The United Debacle Shows Airlines Have Given Up On The Free Market

The airline industry is hurtling toward monopoly.
Eduardo Munoz/Reuters

There was something missing in United Airlines’ response when police officers dragged a passenger from one of its planes.

Normally, when a company is the target of customers’ fury, it rolls out an explanation of how and why the awful things it does are simply capitalism’s natural course ― so normal, in other words, that to do things any other way would be wrong.

Yet amid United’s responsibility-skirting euphemisms (“I apologize for having to re-accommodate these customers,” is a newly minted addition to the PR-speak hall of infamy), the airline never turned to that last refuge of corporate scoundrels ― the free market ― to excuse its own police-assisted brutality.

This omission is all the more odd because there seems to be an easy free market solution within grasp: Just pay people enough money to get off the plane and take the next flight.

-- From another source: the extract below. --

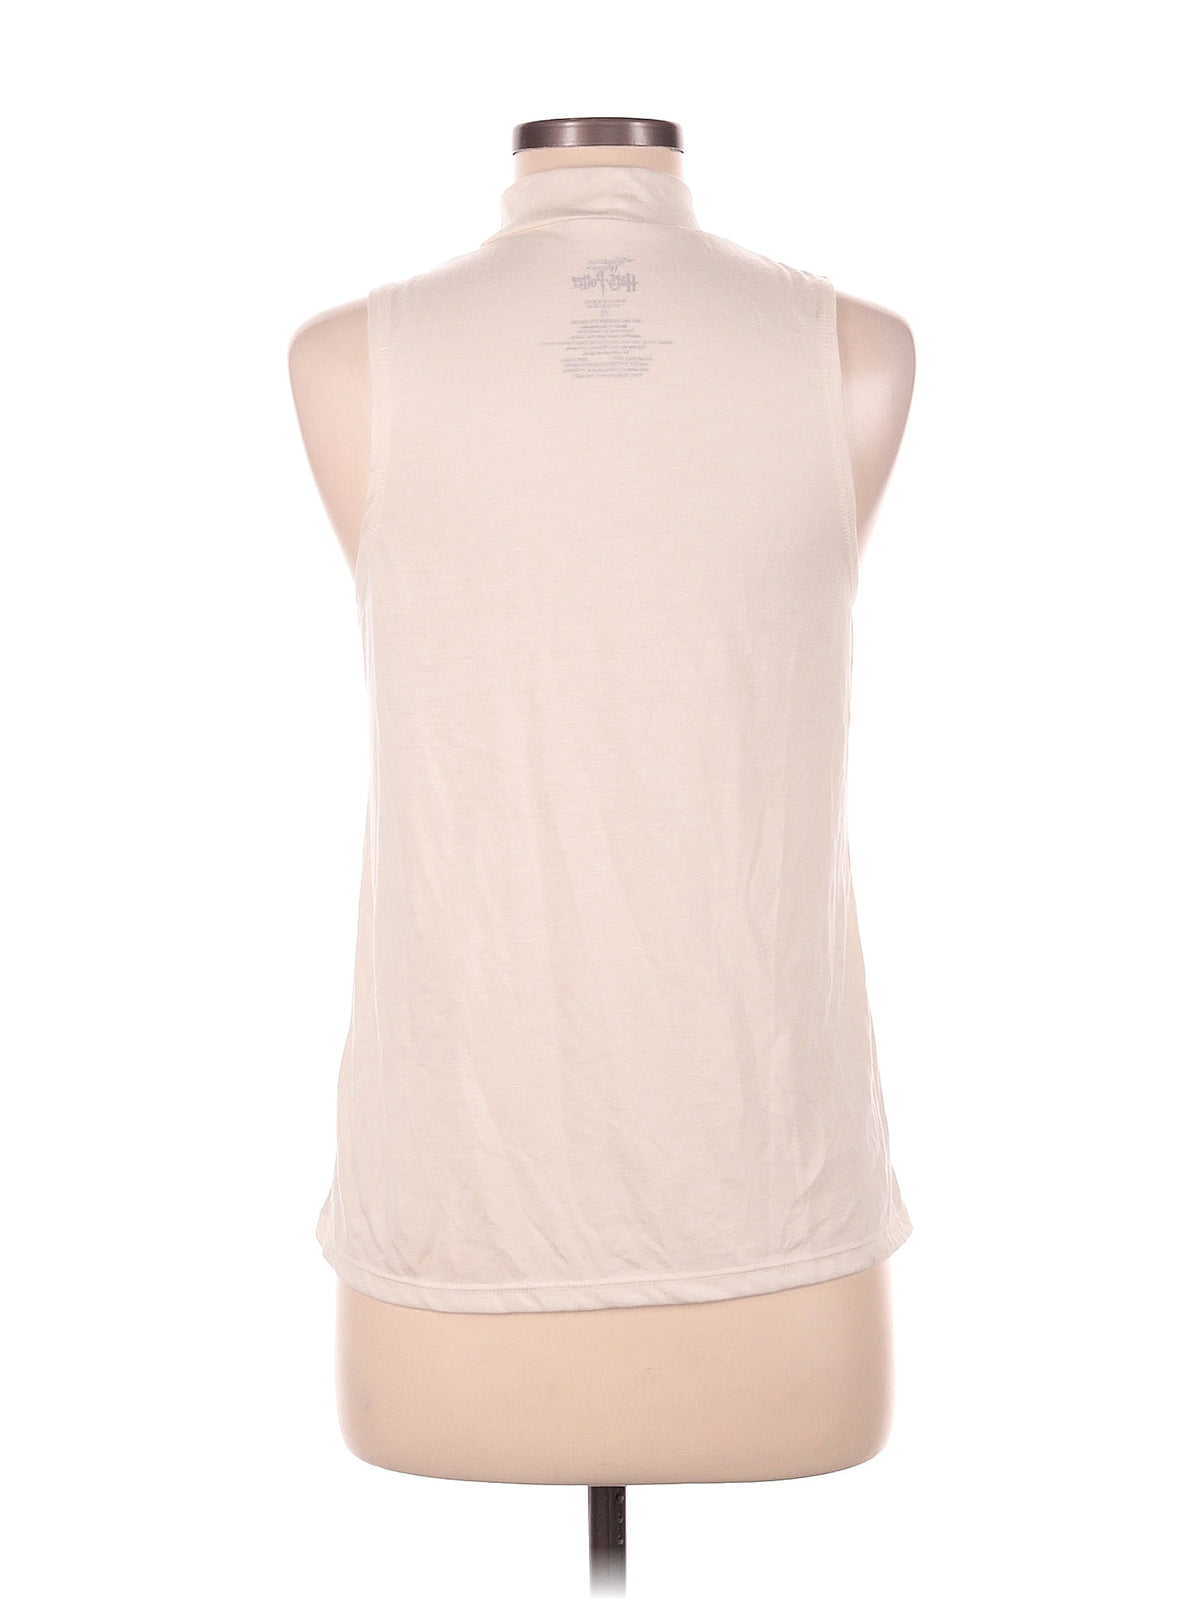 Sleeveless T Shirt size - M

Indeed, this is what airlines do all the time to get themselves out of a bind when the self-imposed (and profitable) practice of overbooking backfires.

While United did offer to pay, it reportedly stopped at $1000 before calling the cops. All the airline had to do, says the ghost of Milton Friedman, is offer a market clearing price!

But that assumes the airline industry broadly represents free-market principles. It doesn’t. It’s hurtling toward monopoly with regulatory blessing, foisting higher prices, fewer flights and crappier service on choice-bereft customers.

In a competitive market, the falling fuel prices of the last few years should have led to cheaper tickets. But that hasn’t happened. Instead, as the number of big airlines has been cut in from nine to four, customers haven’t seen any benefit from cheap oil, and ticket prices have risen.

Airlines historically haven’t made much, if any, profit. Since 2000, every major airline except Southwest has declared bankruptcy. US Airways, which is merging with American, has done so twice. As the Financial Times’ Matt Klein notes, the last few years of profitability are not normal for an industry that has collectively lost billions of dollars over the last 50 years. Airlines’ current profits are a historical aberration that stems from using a lack of competition to exploit low oil prices. Rank-and-file employees are getting squeezed, too: Monopoly power hurts workers along with customers. Everyone involved is miserable and bound together by the threat of violence.

Rather than functioning as a tool to advance United Airlines’ “sadistic commitment to cost control,” as Klein notes, the government should actually enforce antitrust laws. Instead, after rejecting American Airlines’ proposed merger with US Airways, it approved the deal just three months later, after intense lobbying and revolving-door hiring.

The first step toward making things better is one the airline industry has already taken: Dispense with the corporate theology of idolized, naturally free markets.

This article has been updated to include additional information about airline profitability since deregulation in the 1970s.